Few studies have compared MRI findings with radiographic erosions in patients with RA. In one recent study, whilst the positive predictive value of erosions or bone marrow edema on MRI for development of radiographic erosions was low, the negative predictive value was significant. 8 The RAMRIS scoring system has been shown to be a reliable method of assessing erosions in the forefoot and hindfoot in patients with RA9
Pressure analysis of gait may be helpful in determining foot pathology in patients with ERA, particularly in asymptomatic involvement of the feet11. To date, there
are no reports of comparisons between US findings and pedobarography in the assessment of ERA.
40 consecutive patients with early RA (within 12 months of diagnosis) attending the rheumatology clinics of McMaster University Division of Rheumatology and Rebecca McDonald Arthritis Centre at Mount Sinai Hospital, Toronto will be invited to participate. These patients will be DMARD and biologic naïve at baseline, and for the duration of the study will be treated with “standard care” which involves DMARDs for at least 3 months, followed by the initiation of a biologic at 3-6 months if inadequate response to DMARDs. Following clinical assessments, patients will undergo ultrasonographic, radiographic and MRI assessments as described below.

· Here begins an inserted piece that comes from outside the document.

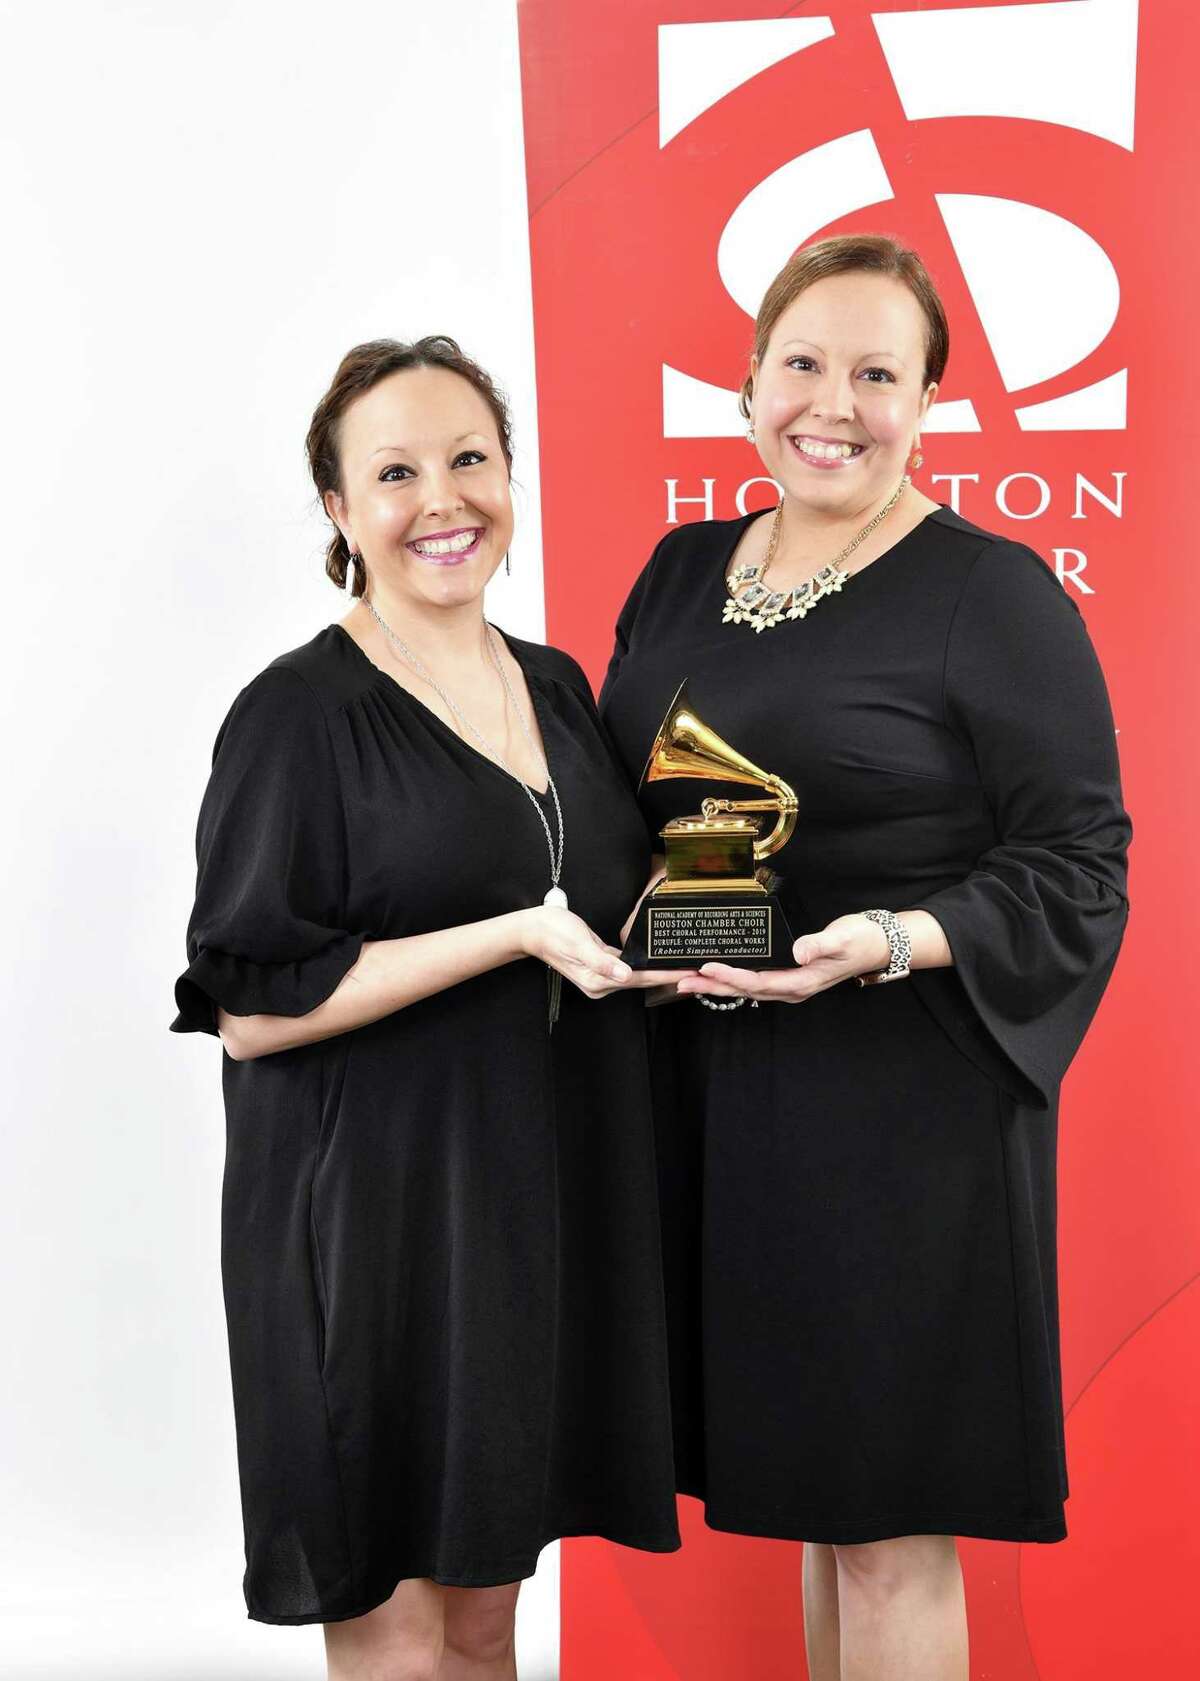 Kammi Estelle and her twin sister, Kelli Lawless (left), are both members of the Grammy award-winning Houston Chamber Choir. On Mar. 21, the Grammy award-winning Houston Chamber Choir presents A Time to Journey Inward, the fourth offering of the 2020-2021 virtual season, To Everything a Season.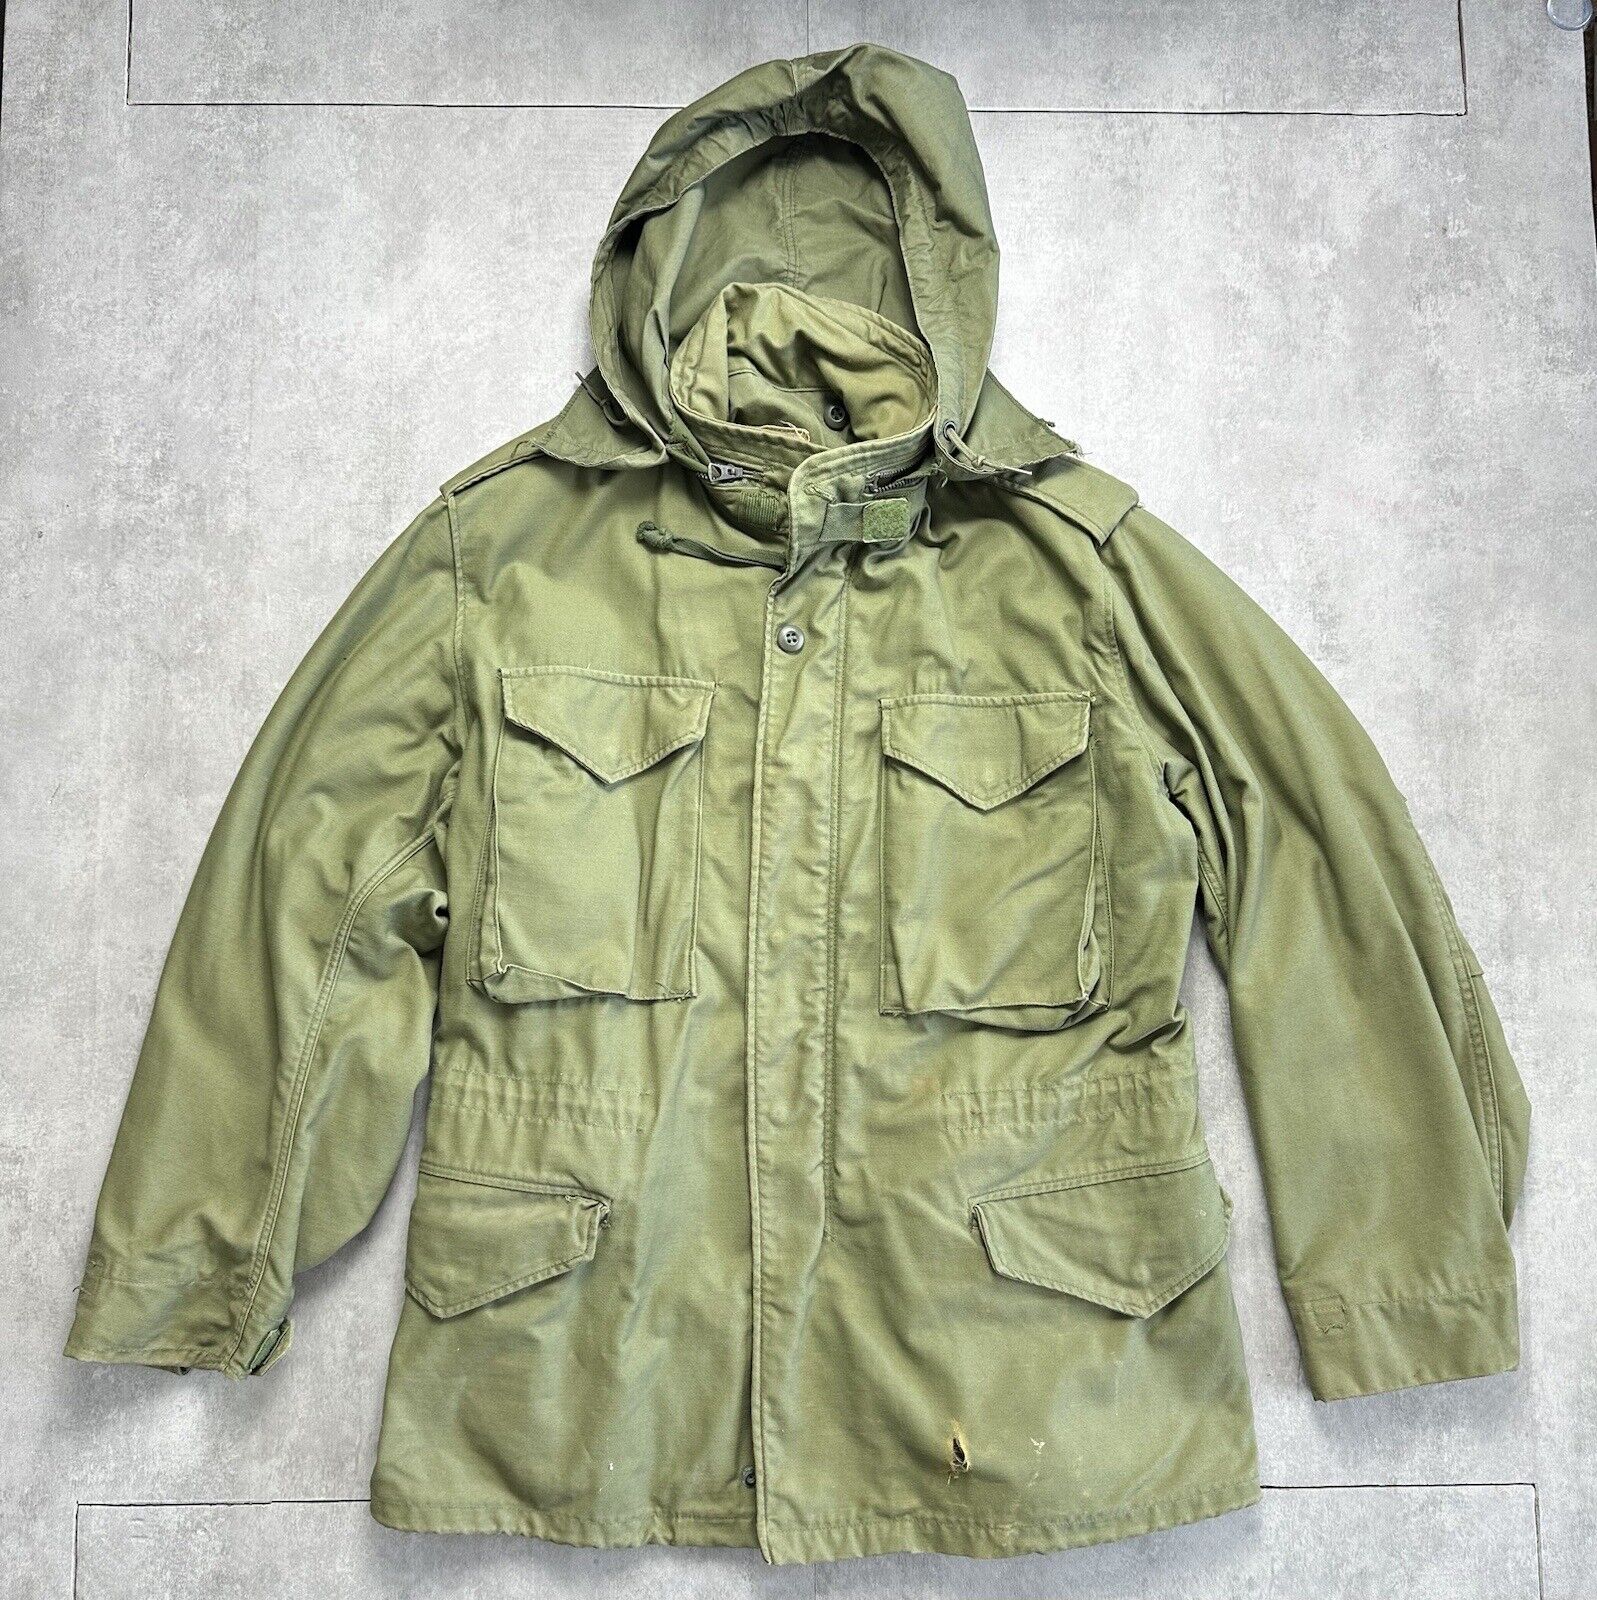 Vintage 70s US Army M-65 Cold Weather Field Coat Jacket Small Short With Lining

Primary outcome: mean synovitis score and power Doppler score (semi-quantitative scale 0-3 for each of synovial thickening and power Doppler) in 8 MTPJ (max score 48) compared to “active” joint count (number of TJC +/- SJC) (max score 16) at baseline.
It is predicted that
- US will detect more affected joints than either clinical assessment or plain radiography
- US may be more sensitive at determining erosions and synovitis especially in the 5th MTP than MRI
- US abnormalities will reflect abnormal pressure analysis at baseline
- US findings will change (improve) following DMARD treatment, but improvement in synovial vascularity may lag behind improvement in the
clinical assessments of TJC or SJC (this has already been shown in
MCPJ US 10)
- US findings will improve with biologic treatment and this will correlate with clinical improvement.
Value of results
Foot involvement in RA is often ignored by clinicians, and foot pathology results in significant morbidity with an impact on work activity and productivity. Ultrasonography may be able to detect MTP pathology more accurately than clinical examination, and therapy could be tailored according to US findings. This study will also determine change in US findings following DMARD and biologic treatment. This study is likely to show that US has potential to monitor disease activity and therefore improve disease outcome.